Павел Петрович вышел из покоев китайца на свежий воздух и вдохнул полной грудью. Нескольких часов беседы с Хваном оказалось достаточно, чтобы понять, почему профессор Немытевский всю свою сознательную жизнь искал список Чжана. Ремизову, правда, было немного обидно от осознания того, что профессор не до конца был с ним откровенен. Хотя, возможно, он и сам не догадывался вначале об истинном содержании терракотового списка, а когда узнал, рядом уже не было Ремизова. Теперь все равно уже не узнать правды – у профессора не спросишь…
Павел Петрович неспешно прошелся по двору. Ночь была темная и довольно холодная, но идти в свою лачугу Ремизову не хотелось. Он присел на низкую скамейку, наспех сколоченную Петрухой, и, закрыв глаза, немного помечтал.
О том, как вернется в Петроград счастливым обладателем терракотового списка, обязательно разыщет Ольгу и расскажет ей все об отце. Как предъявит список ученым императорского университета, которые посмеивались за глаза над чудаковатым профессором, как… Впрочем, свежая волна ностальгии так крепко накрыла Ремизова, что он поскорее прошел на свою половину двора, чтобы не дать ей возможности захлестнуть его целиком.
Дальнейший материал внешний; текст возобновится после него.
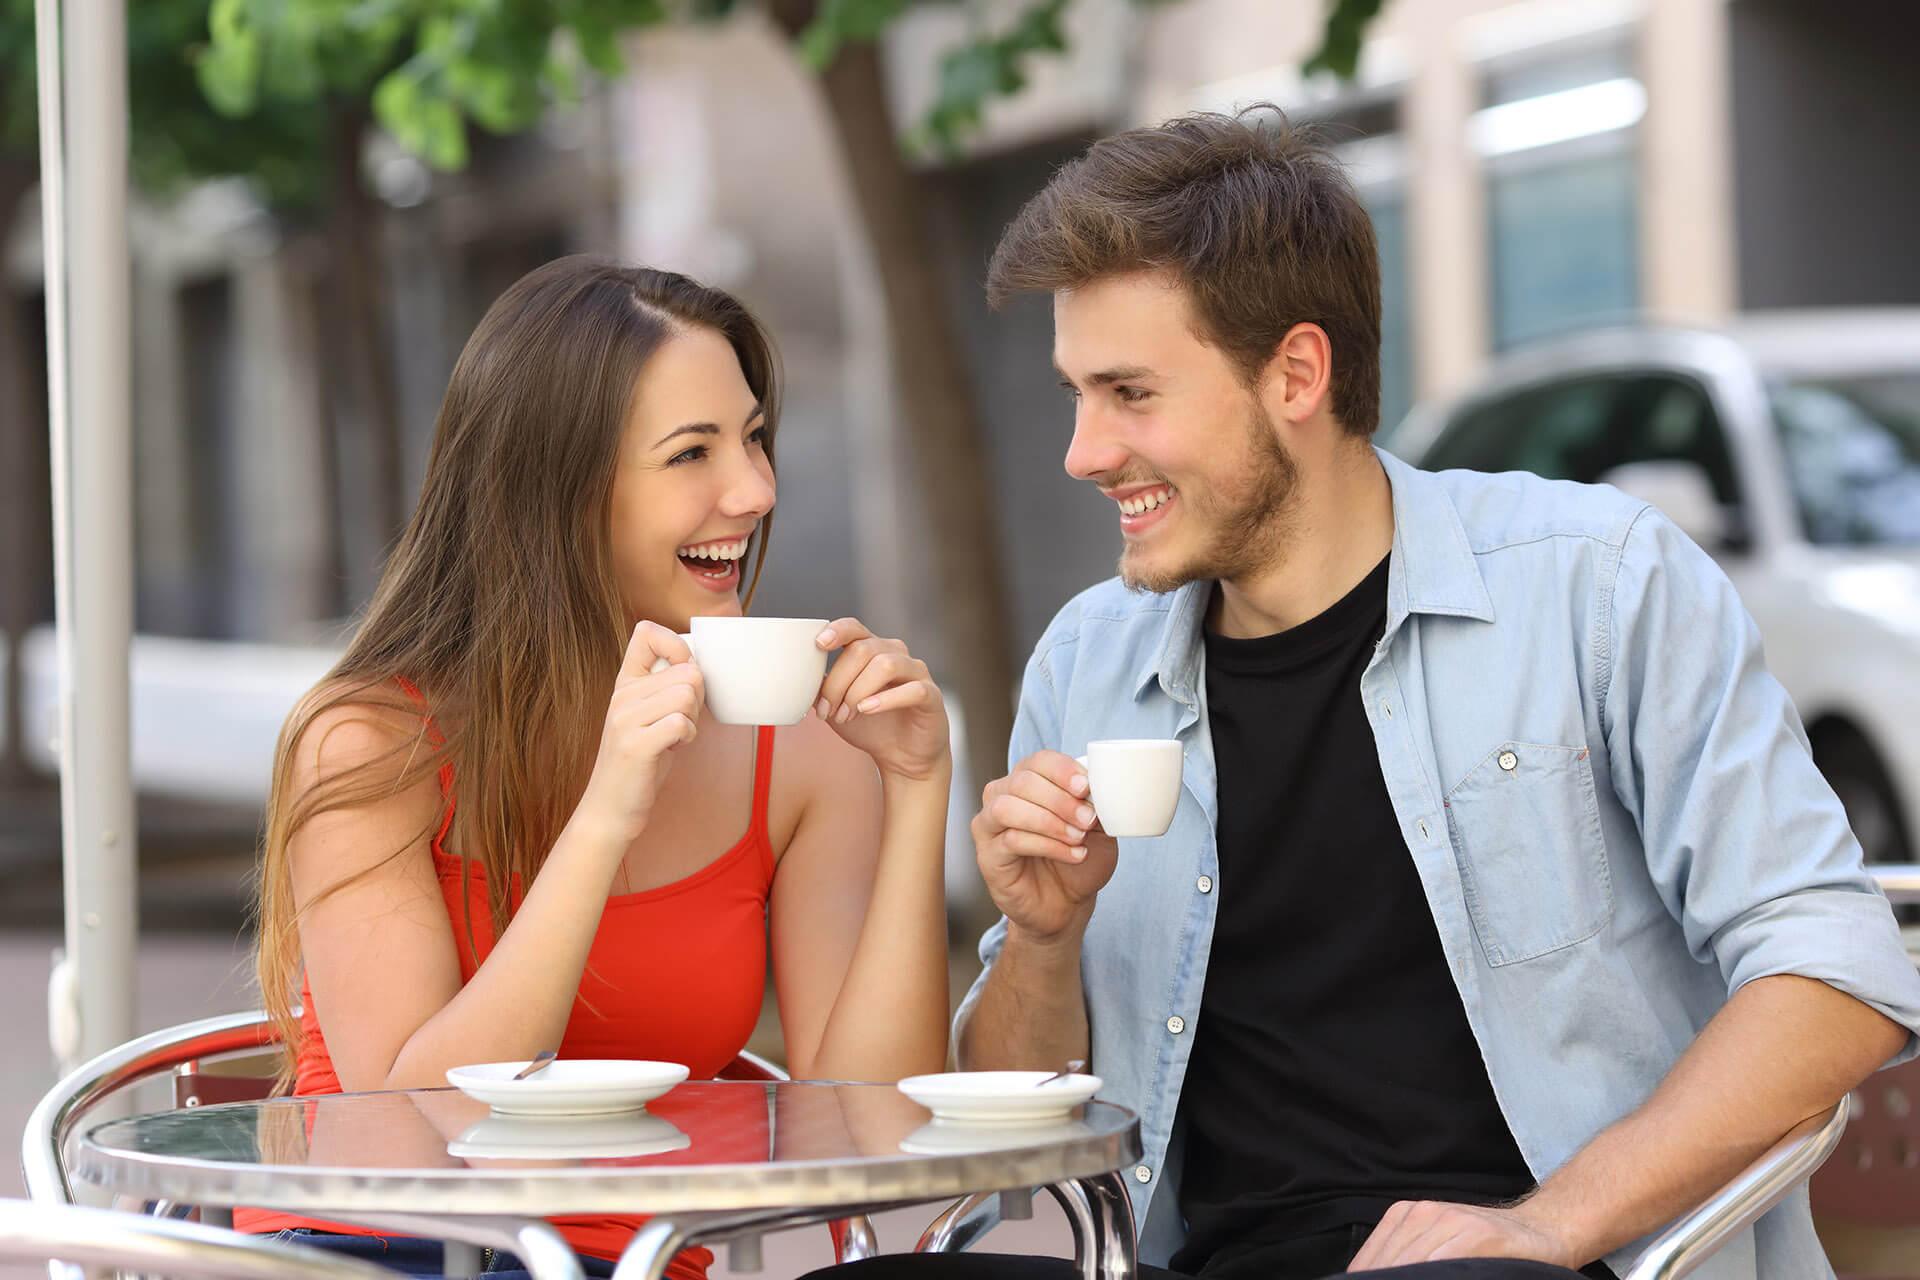 Основные мужские ошибки при знакомстве с девушками

Кое-как, в кромешной темноте, Павел Петрович, наконец, добрался до двери в свою лачугу, на чем свет ругая Петруху, не проследившего за тем, чтобы горящей осталась хоть одна маленькая свечка. Удивился тишине, царящей в комнате. Хотел подойти к окошку, чтобы зажечь фитиль, но запнулся обо что-то мягкое, теплое и большое, лежащее на его пути.
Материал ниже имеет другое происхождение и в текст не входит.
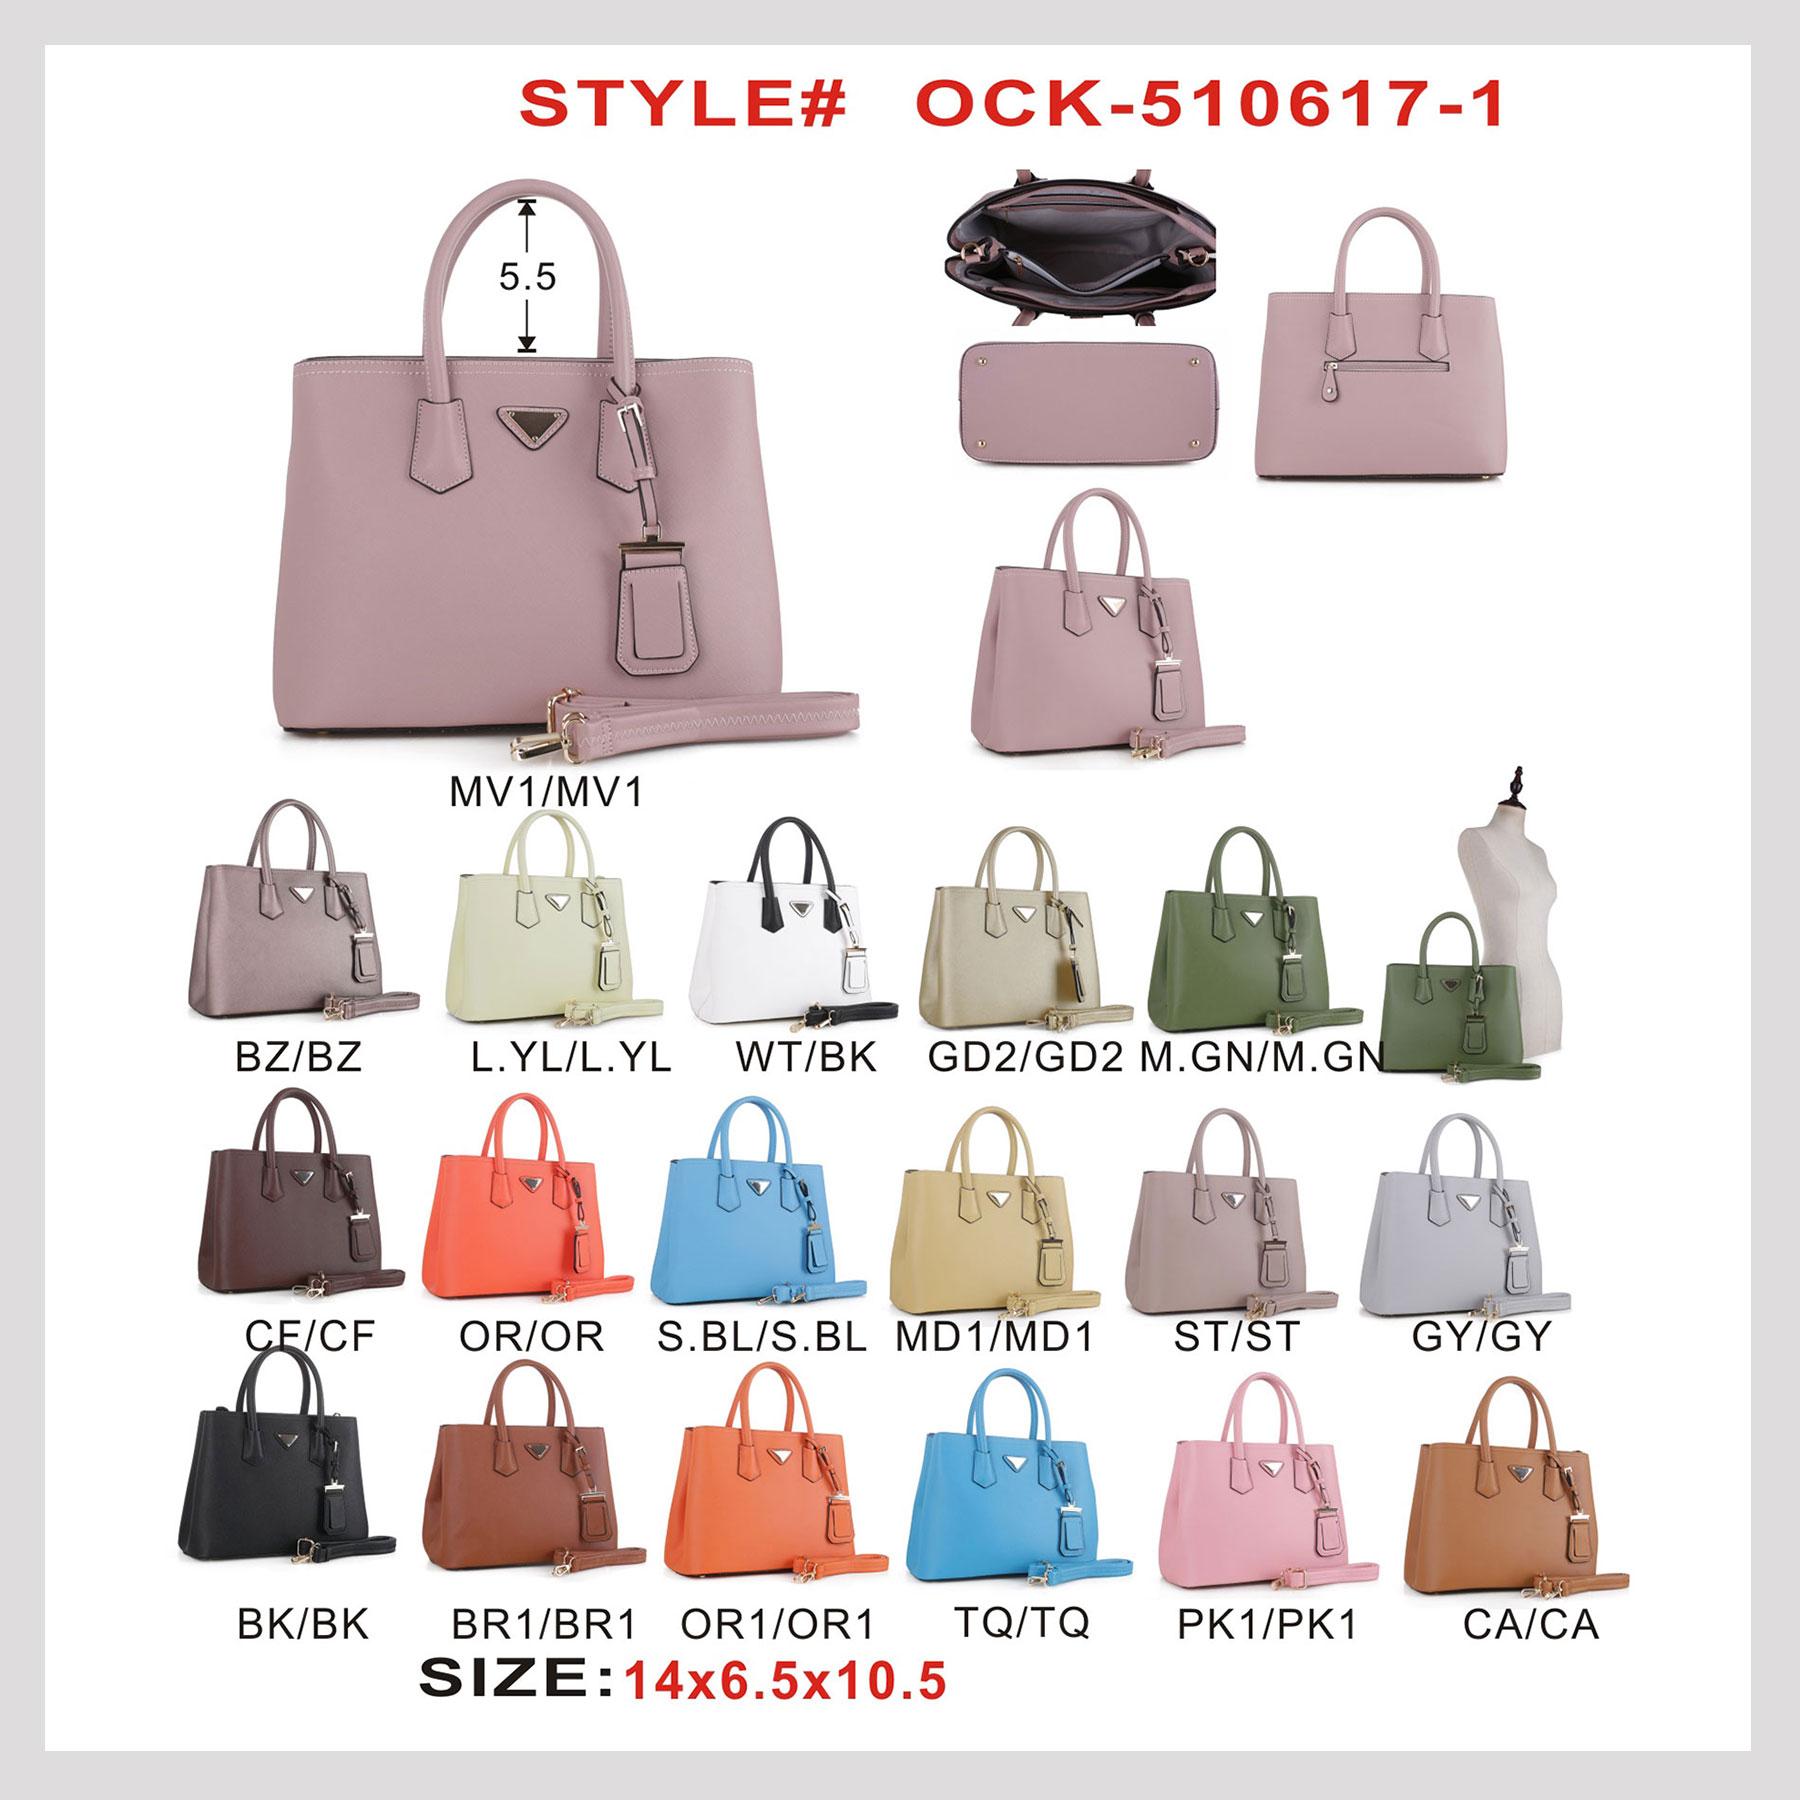 OCK-510617-1.jpg

«Человек!» – мелькнуло в голове офицера, и он по привычке потянулся к кобуре, но, вовремя вспомнив, что кобуры с оружием на поясе нет, наклонился над внезапным препятствием.
Нащупав голову, он понял, что тело недвижимо. «Неужели покойник? – с ужасом подумал Ремизов, но тело вдруг зашевелилось, и он услышал стон. Павел Петрович, почувствовав под рукой кляп, с силой потянул его на себя, и услышал знакомый голос своего верного оруженосца:
– Кто здесь?
– Петр, я это, Ремизов… Что с тобой случилось?
– Развяжите мне руки, больно очень.
Павел Петрович перевернул Дронова на живот и принялся развязывать перетянутые тонкой бечевой руки Дронова. Петруха стонал от боли, но узел был такой мудреный, что быстро развязать его у Ремизова никак не получалось.
– Потерпи, Петя, я попробую ножом. Только сейчас дотянусь до него.
Но в кромешной тьме Павел Петрович долго крутился на месте, пока не сообразил, в какой стороне находится стол со столовыми принадлежностями.
Разрезав бечевку, он приподнял голову Петра и положил на свое колено.
– Кто это сделал?
– Не поверите, Пал Петрович, ни за что не поверите… Кацебо, сволочь.
– Валериан? – удивился Ремизов. – Но зачем?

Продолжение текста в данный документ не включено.